Не люблю этот период вспоминать… Я потом на штурмовиках воевал, так вот в пехоте – страшнее. После войны мне часто снилось: немец на меня автомат наставил – сейчас будет стрелять. Резко просыпаешься, с мыслью: «Слава тебе Господи, жив».
Мне повезло – я попал в период затишья на фронте и в атаку не ходил. Несколько раз ходил за языком. Правда, штрафники пронюхали, что я летчик, и стали меня оберегать: «Мы захватим самолет, а ты его будешь пилотировать». В марте нас собрали на митинг или еще для чего, не помню. Когда стали расходиться, долбанул снаряд. С тяжелой контузией я оказался в госпитале. Провалялся около месяца, а уже оттуда был направлен в УТАП в Кинель-Черкассы Самарской области, проходить боевое применение. Около месяца мы там пробыли и полетели на фронт. Меня определили в 311-ю штурмовую авиационную дивизию, 953-й штурмовой авиационный полк, на должность летчика.
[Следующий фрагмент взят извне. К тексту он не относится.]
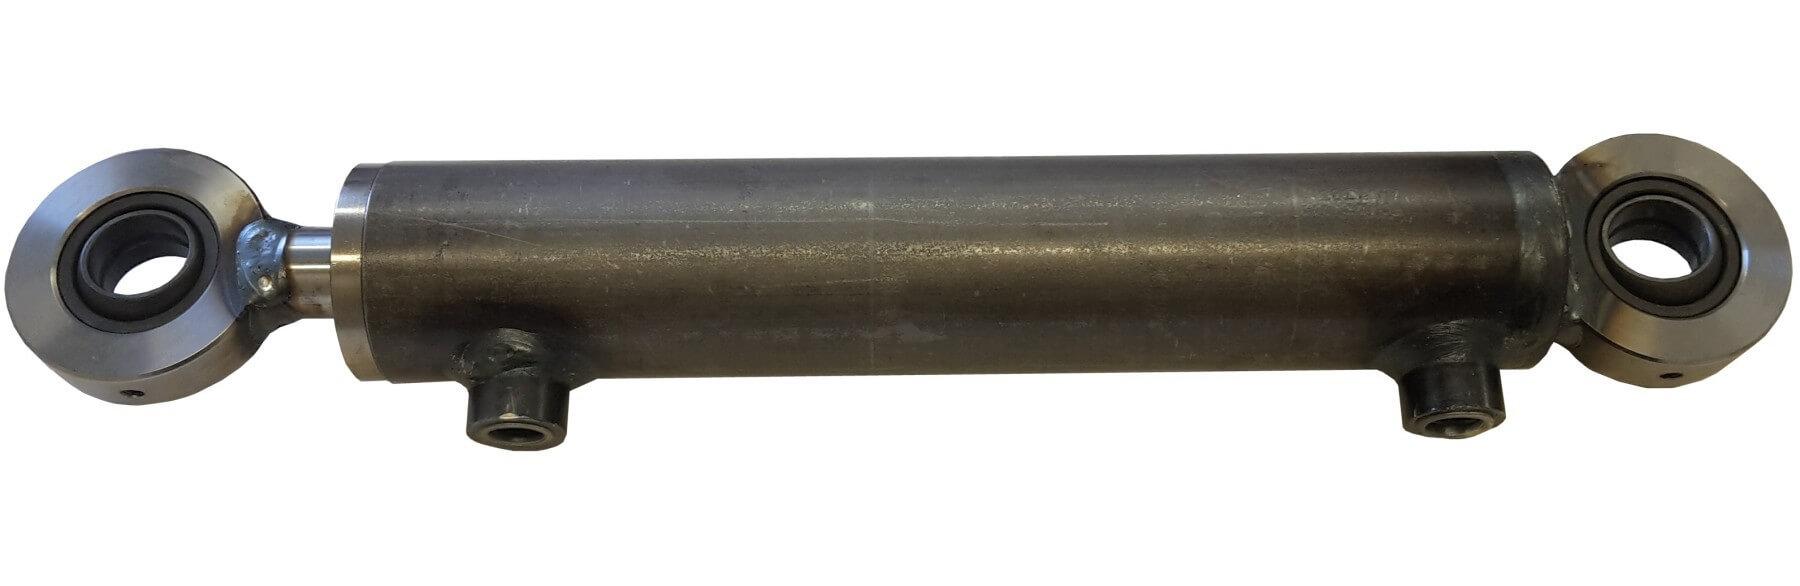 Hydraulisylinteri CL 40. 25. 350 GE - Kailatec Oy Verkkokauppa

Сначала мы прилетели на один из базовых аэродромов, с которого должны были перелететь в полк. Всего в полк должно было лететь шесть экипажей. Для перегонки самолетов из полка прислали шесть опытных летчиков во главе с заместителем командира полка. В это же время в мастерской, находившейся на этом аэродроме, был подготовлен для перегонки в полк отремонтированный штурмовик. Ко мне подошел заместитель командира полка: «Вы можете перегнать самолет?» – «Могу». – «Учти, аэродром небольшой. Это тебе не оренбургская степь, где взлетать и садиться можно как захочешь. Тут недолет – самолет бит, и перелет – самолет бит». – «Ничего. Справлюсь». Молодых посадили в кабины стрелков, и шестерка ушла, а мне оставили лидера, чтобы он повел меня на аэродром – у меня же карты не было. Облачность – низкая, погода плохая, можно сказать, нелетная. В такую погоду и старых иногда «колбасит». Поэтому весь полк высыпал смотреть, как молодой сейчас будет садиться. Ведущий распустил и пошел на посадку, я – за ним. Он садится, и я притираю самолет на три точки прямо у посадочного «Т». Командир третьей эскадрильи Орел потом мне говорил, что сразу же побежал в строевой отдел просить записать меня в его эскадрилью. Мы сделали с ним несколько тренировочных полетов на спарке, походили строем, и он назначил меня своим ведомым.